Records from a data collection
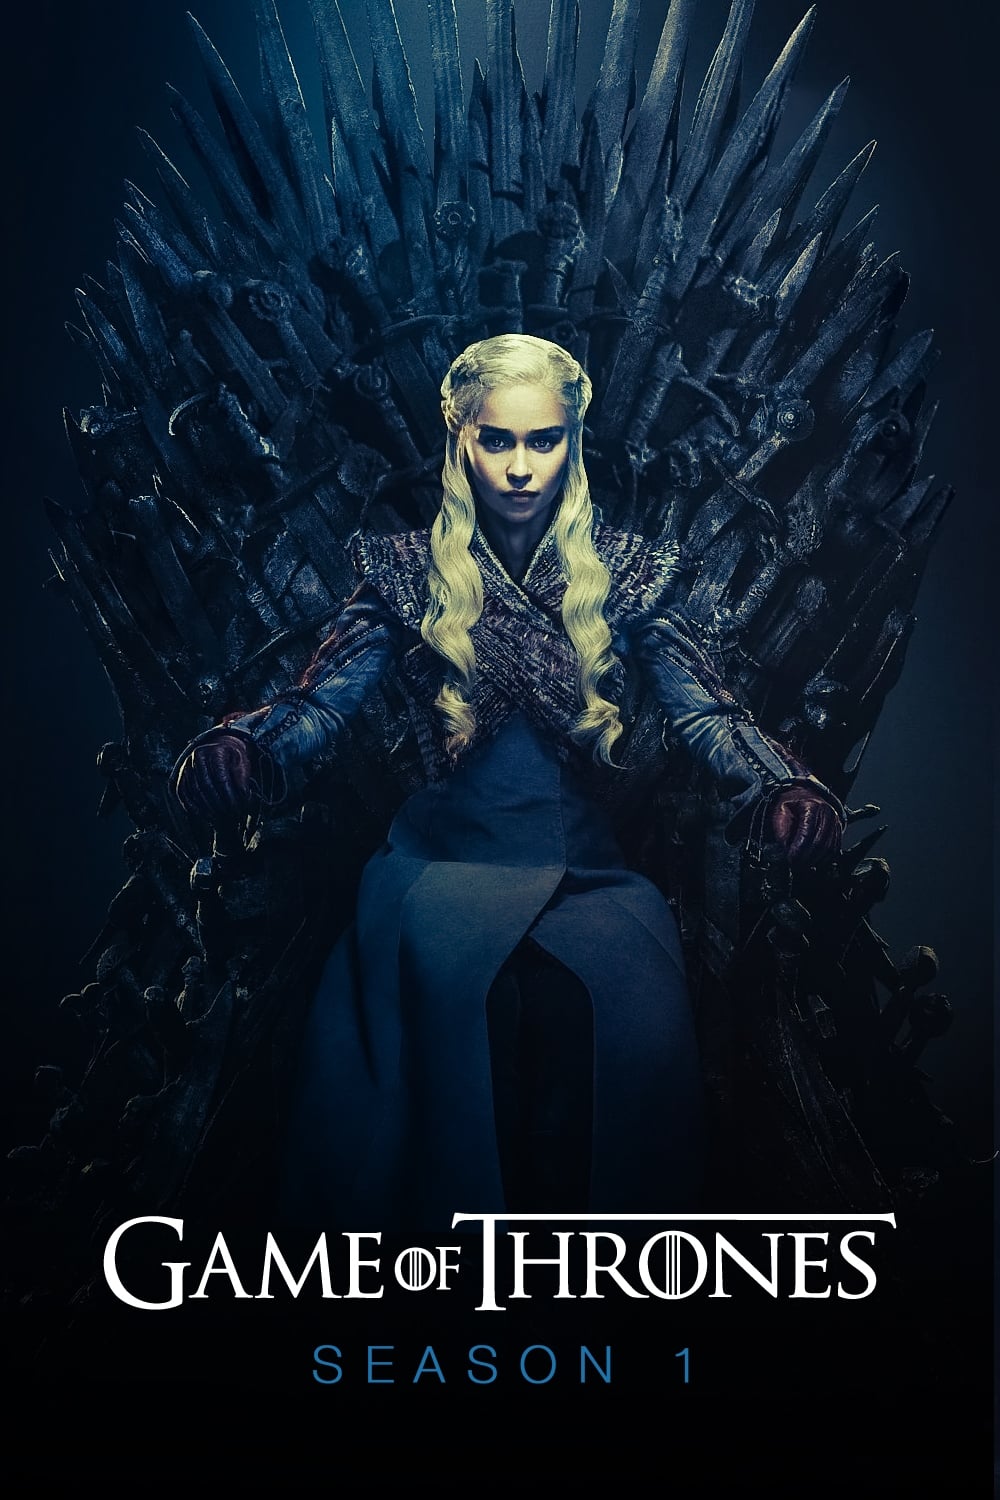 Game Of Thrones (2011) HBO Series S01 Complete Dual Audio Hindi-English WebDL 480p 720p 1080p 2160p
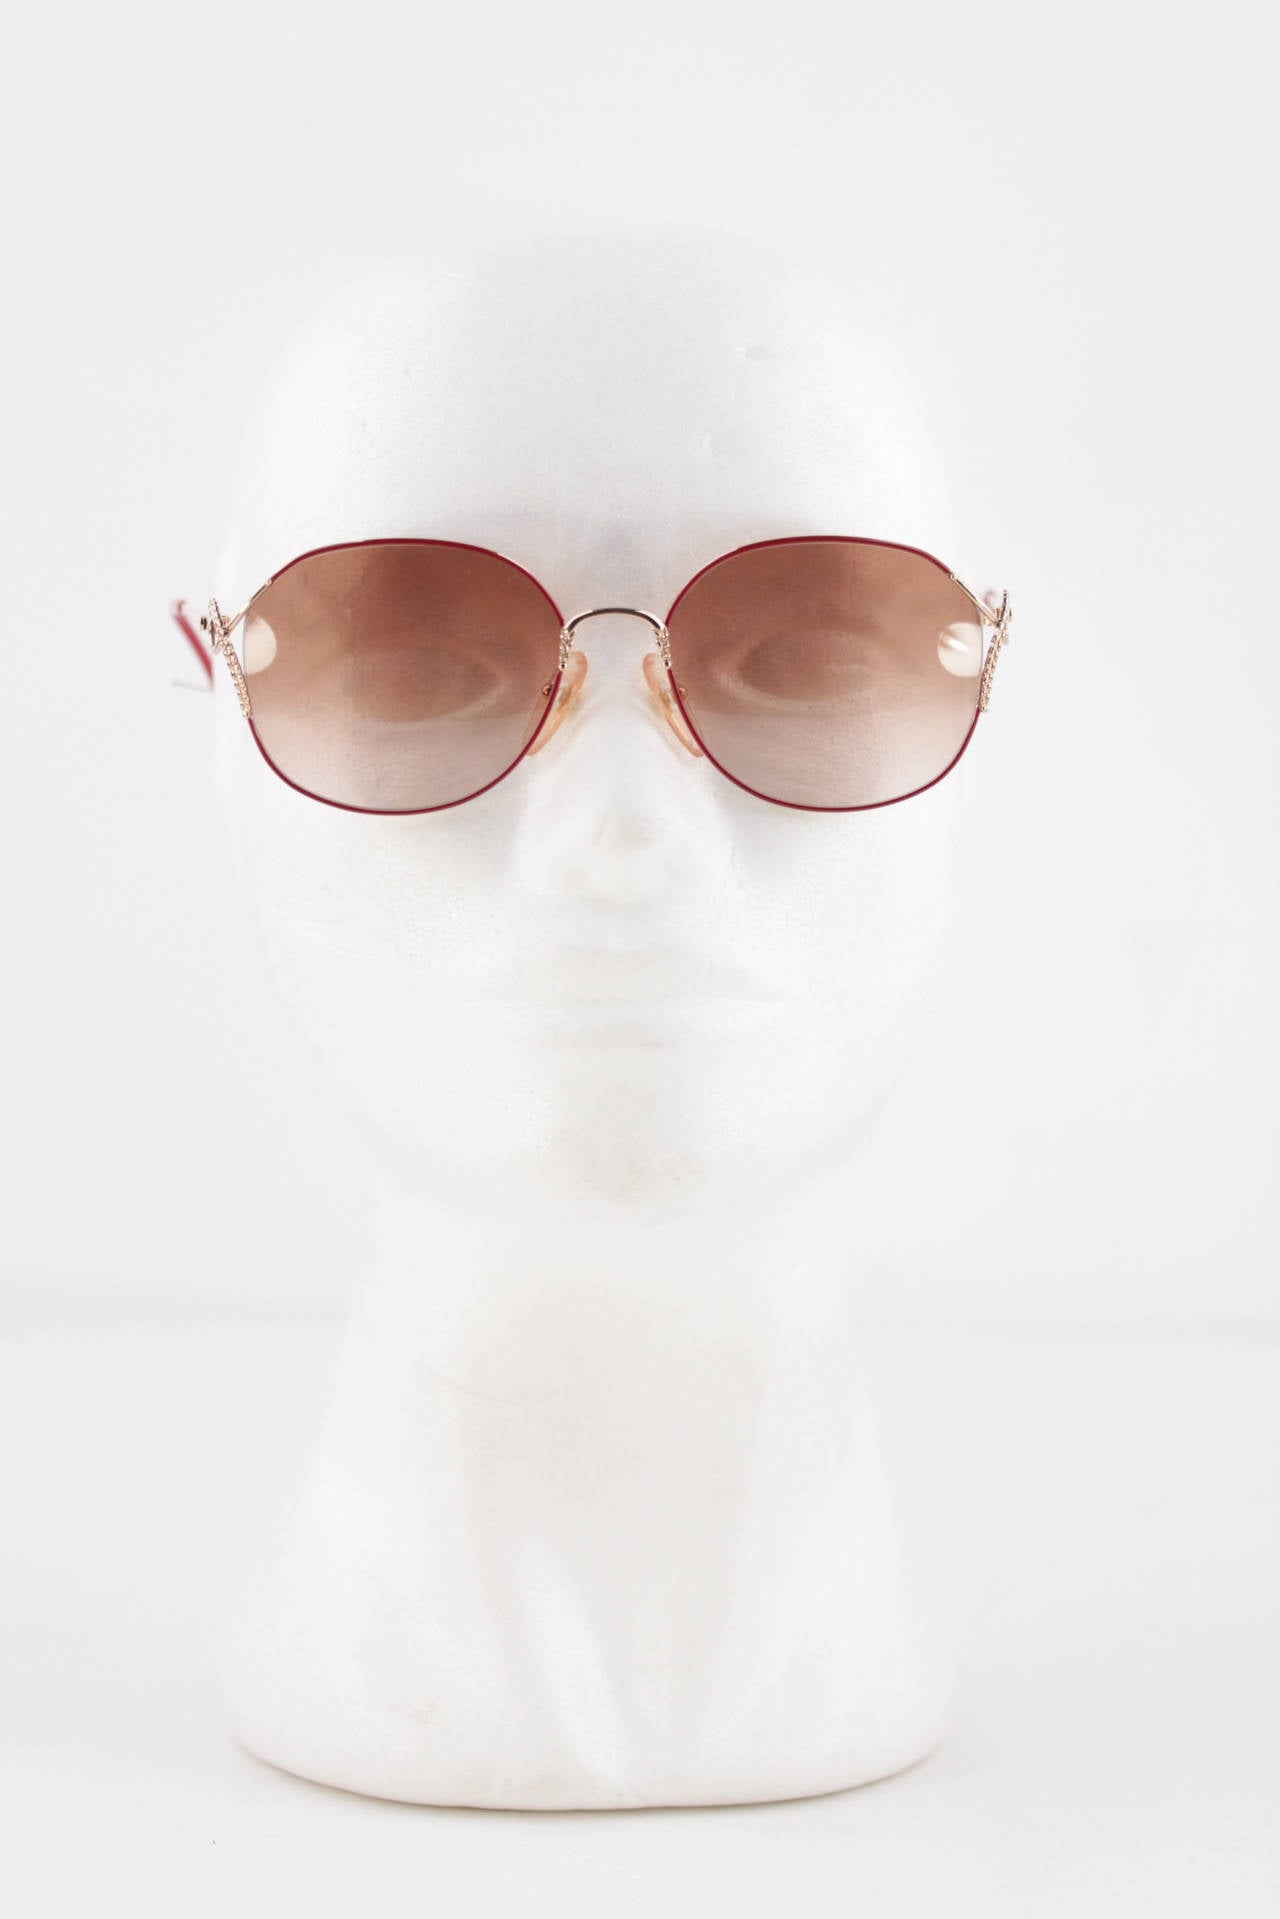 Brand: CHRISTIAN DIOR - OPTYL frame, Made in Austria

Style Name & Number: 2901 - 43 - 56/17 - 130

Frame color / effect: Gold metal Frame with purple accents (CD logos on the temples)

Lens color / effect: Gradient/Faded light Brown

■ Brief: All of the records need to be restated word for word, but not the pictures.

■ Task output:
 Game Of Thrones (2011) HBO Series S01 Complete Dual Audio Hindi-English WebDL 480p 720p 1080p 2160p
 Brand: CHRISTIAN DIOR - OPTYL frame, Made in Austria

Style Name & Number: 2901 - 43 - 56/17 - 130

Frame color / effect: Gold metal Frame with purple accents (CD logos on the temples)

Lens color / effect: Gradient/Faded light Brown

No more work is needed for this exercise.